Computational Tasks
Networks can be combined with -omics data to achieve a wide range of computational tasks. Below we define some broad categories that describe these computational tasks. These categories are not mutually exclusive, as many computational methods have the capacity to perform multiple tasks or hybrids of them. For example, methods which “upscale networks”, meaning they output a higher-level network from a lower-level PKN, typically do both network inference and explanation extraction, as they select a small subset of the input PKN that can explain the correlations in the data and then will modify it to infer a new, higher-level network. It is also common to use explanation extraction or network inference task as a precursor to phenotype prediction, especially in clinical applications.
Explanation extraction aims to interpret patterns found within an omics profile and contextualize them using prior information about the system. It addresses hypotheses around system changes, such as differential expression or altered interaction strengths, to elucidate the mechanisms involved21. Common examples of explanation extraction tasks include enrichment-analysis and algorithms that produce a relevant subgraph of a larger network. Explanation extraction can also be thought of as emulating the literature search of a molecular biologist to explain the data at hand. As a molecular biologist reads the literature they ask “Is this information fragment compatible with my data? Does it explain it or contradict it? Is this applicable to my experiment’s context?”. The same questions are interrogated by explanation extraction methods, but in a quantitative manner that scales to high throughput data. Explanation extraction tools generate valuable conjectures that can, for example, guide the selection of subsequent perturbing agents, or recognize parallel mechanisms that unify multiple datasets in a novel way12,19.

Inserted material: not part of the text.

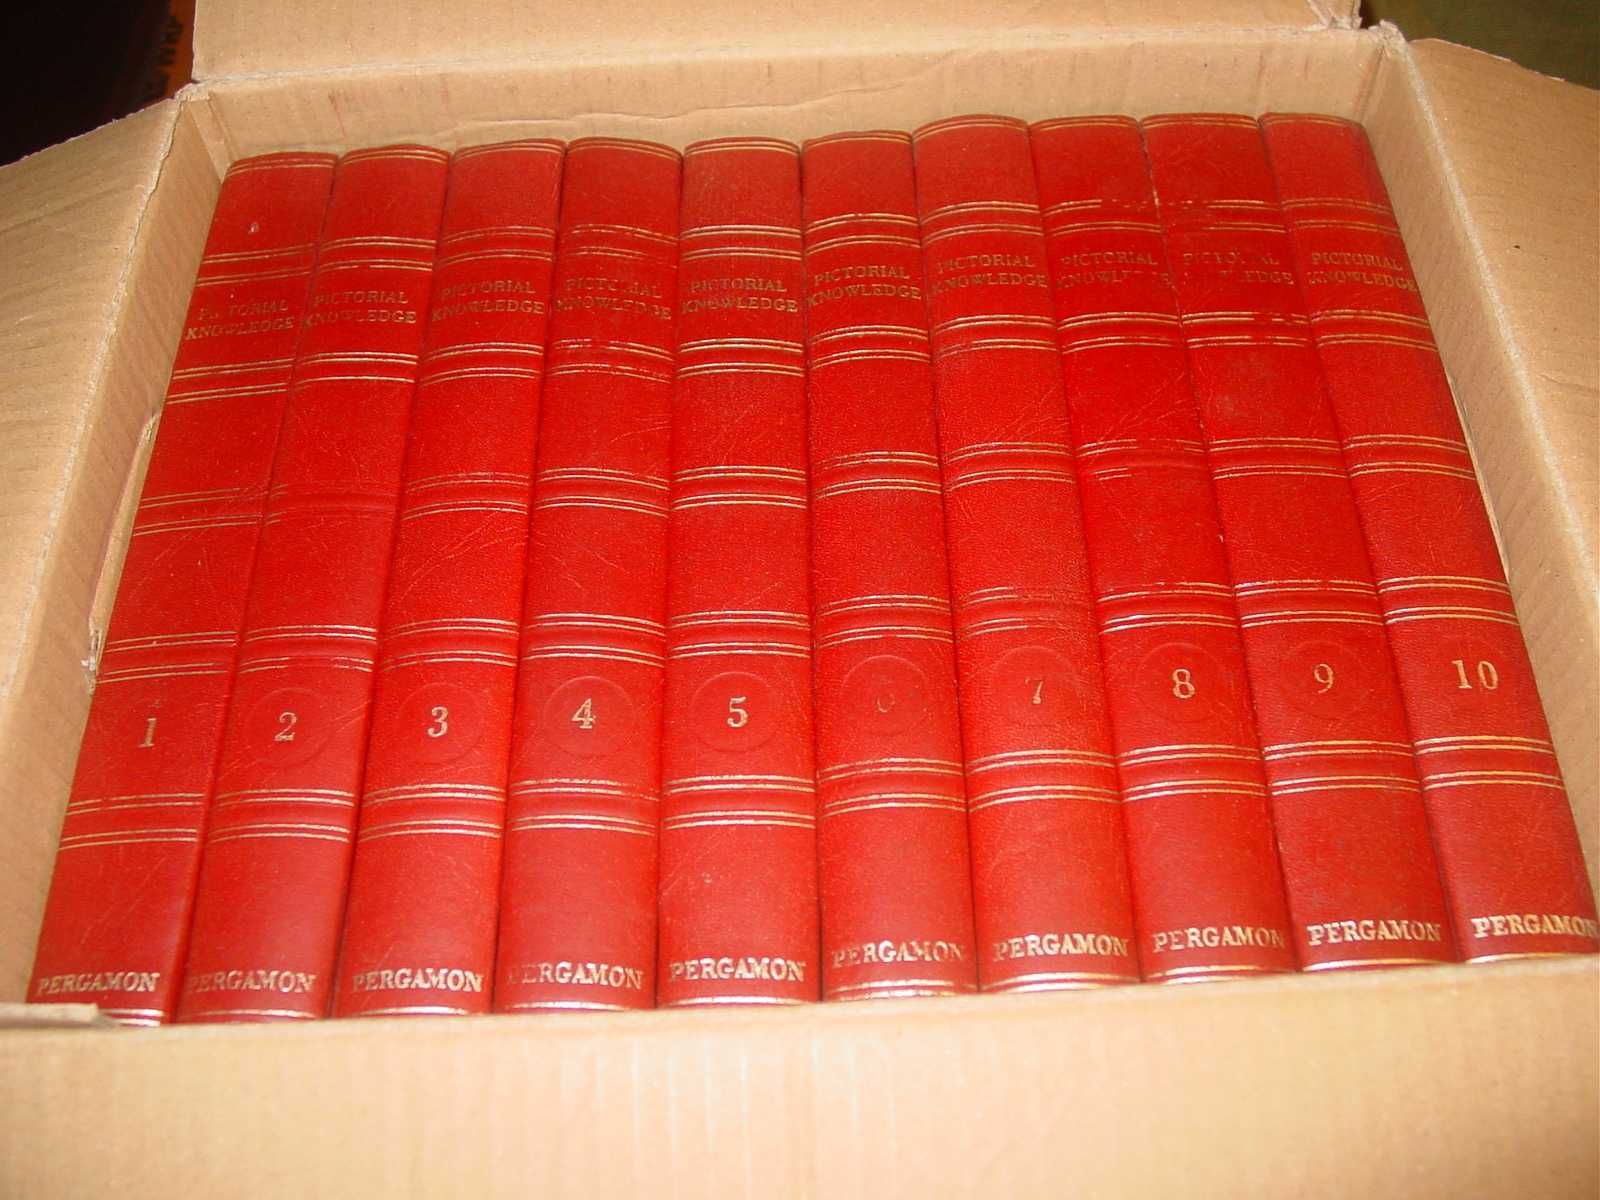 Enciclopédia: "Pictorial Knowledge" - 10 volumes

Network inference tasks produce a network model based on the input -omics data. This can be achieved by integrating prior networks or can be done de novo . Due to the combinatorial complexity of the model space and the inherent stochasticity of biological systems, inference is always an underdetermined problem and coherence of inferred networks and actual biological reality may be low, independent of the performance of the model. Constraining inference to at least partially conform with known biology can help by “anchoring” inferred networks. Another option is to use a large number of biological models in an ensemble learning strategy to reduce bias.
Some network inference approaches construct an entirely new model while others expand on established networks, in either case, the goal is to generate new mechanistic hypotheses. Upscaling algorithms are a common example of network inference. These approaches infer a higher-level representation (e.g. Activity Flow) from a lower-level prior network (e.g. protein-protein interactions) using -omics profiles. Upscaling can also be used to assign weights, direction, sign and rate constants to edges on a graph.
Phenotype prediction aims to predict how an organism or system responds to disease states and perturbations. These methods may be applied at a cellular level to project signaling events and transformations as well as broad phenomena like cell proliferation and survival, but they can also be extended to a network medicine approach, where predictions are made at a patient level to inform diagnosis, prognosis, or treatment response22,23.
Effective phenotype prediction is arguably more difficult than the prior two tasks. Phenotype is a function of the whole system that often contains feedback loops and other non-linear response circuitry. It is also inherently multimodal as at minimum, it requires one omic measurement and one phenotype measurement modality –e.g. IC50, GR50 or disease free survival. Each of these factors can be confounding to phenotype prediction tools.